The second thing I have learned is to set priorities. In college, you are often on your own for the first time. You have to do laundry, cook, and take care of yourself in general. It can be easy to fall off track and slack in your studies. Knowing when to say no to your friends—and sometimes even extracurriculars—is challenging, but has made me very successful in achieving my academic goals.
The final piece of advice I’ll give is to be confident. I know it can be hard, but there is a reason you are selecting this path. At some point, you knew deep down that you could succeed. Revert to that confident self, and strive for success.
Arcadia requires 200 minimum direct patient care hours. This doesn’t mean shadowing or volunteering, but hands-on clinical work taking care of patients’ medical needs. The way I achieved these hours was by earning an EMT license. I was able to use that EMT license throughout the summers while being home and working at a camp. I learned and experienced so many things, including how to properly approach a child when they are in distress.
There are plenty of ways you can achieve your hours.
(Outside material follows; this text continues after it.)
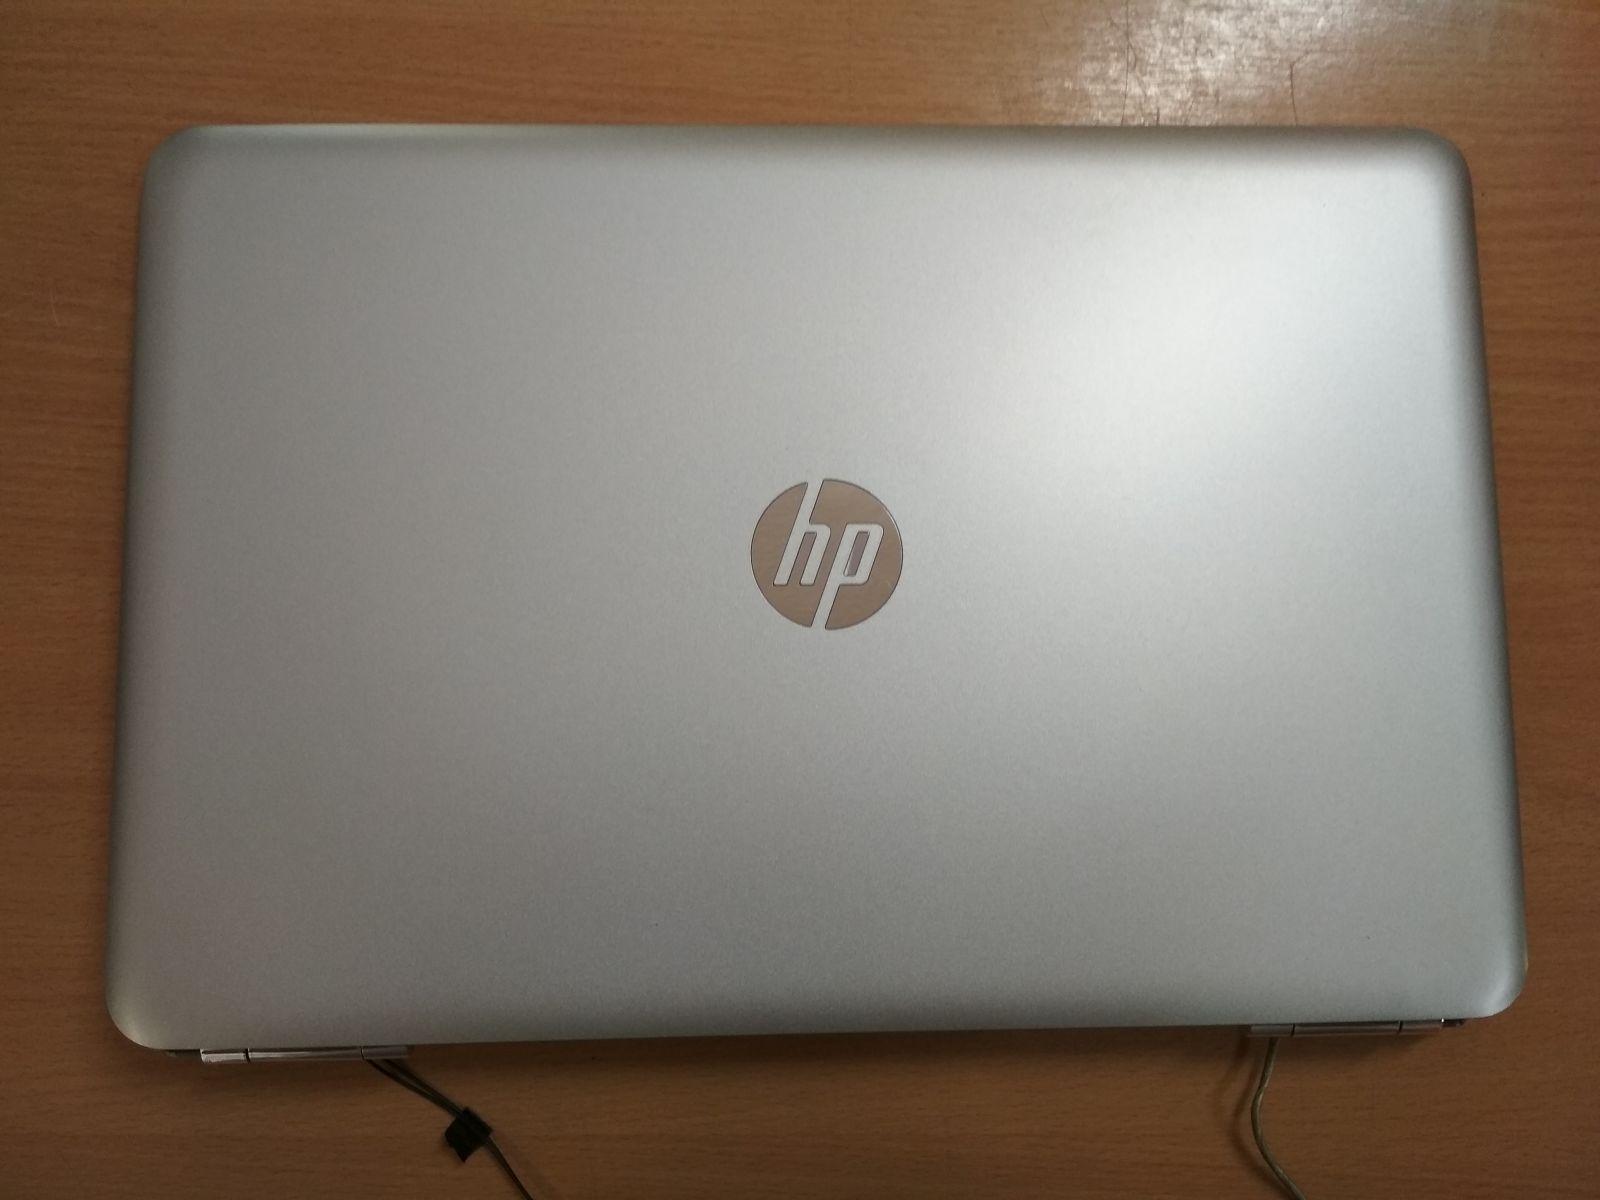 HP Pavilion 15-bc komplett LCD fedlap TFQ3LG35TP EAG35003A1N használt 1 hó gar!

Some of my friends have even ended up becoming home health aides. I recommend not procrastinating or passing up any opportunities. Time is limited with such a busy course load.
It is also an excellent opportunity to volunteer! I volunteer at Temple University Hospital, where I assist in stocking medical supplies in the emergency room. Oftentimes I shadow doctors and PAs while completing my shift, and I’ve gotten many helpful tips (like what to include in my graduate applications).
The GRE is required to get into any Physician’s Assistant graduate program. It consists of seven sections: two analytical response essays, where you respond to an open-ended question or statement; two verbal reasoning sections that include vocabulary and reading comprehension; two math sections, where your quantitative reasoning is put to the test; and a sample section that does not count to your grade.
Doing well on this exam is extremely difficult, as you are “competing” against test takers interested in pursuing master’s or doctoral degrees in multiple disciplines. Scoring in the top 50th percentile is usually considered good. Completing this test before graduate school and during your undergraduate years can sometimes be a pain. I took the exam during the summer, where I studied in between being a camp EMT and a waiter. I would highly recommend taking the GRE as soon as possible, because it is very similar to the SAT and ACT. Having this knowledge still fresh in your head will give you a significant advantage.
Deciding to become a Physician Assistant can be an extremely intimidating objective, but Arcadia provides you the resources, professors, and program to succeed in being accepted to graduate school. Set your goals high and stay confident in yourself, always.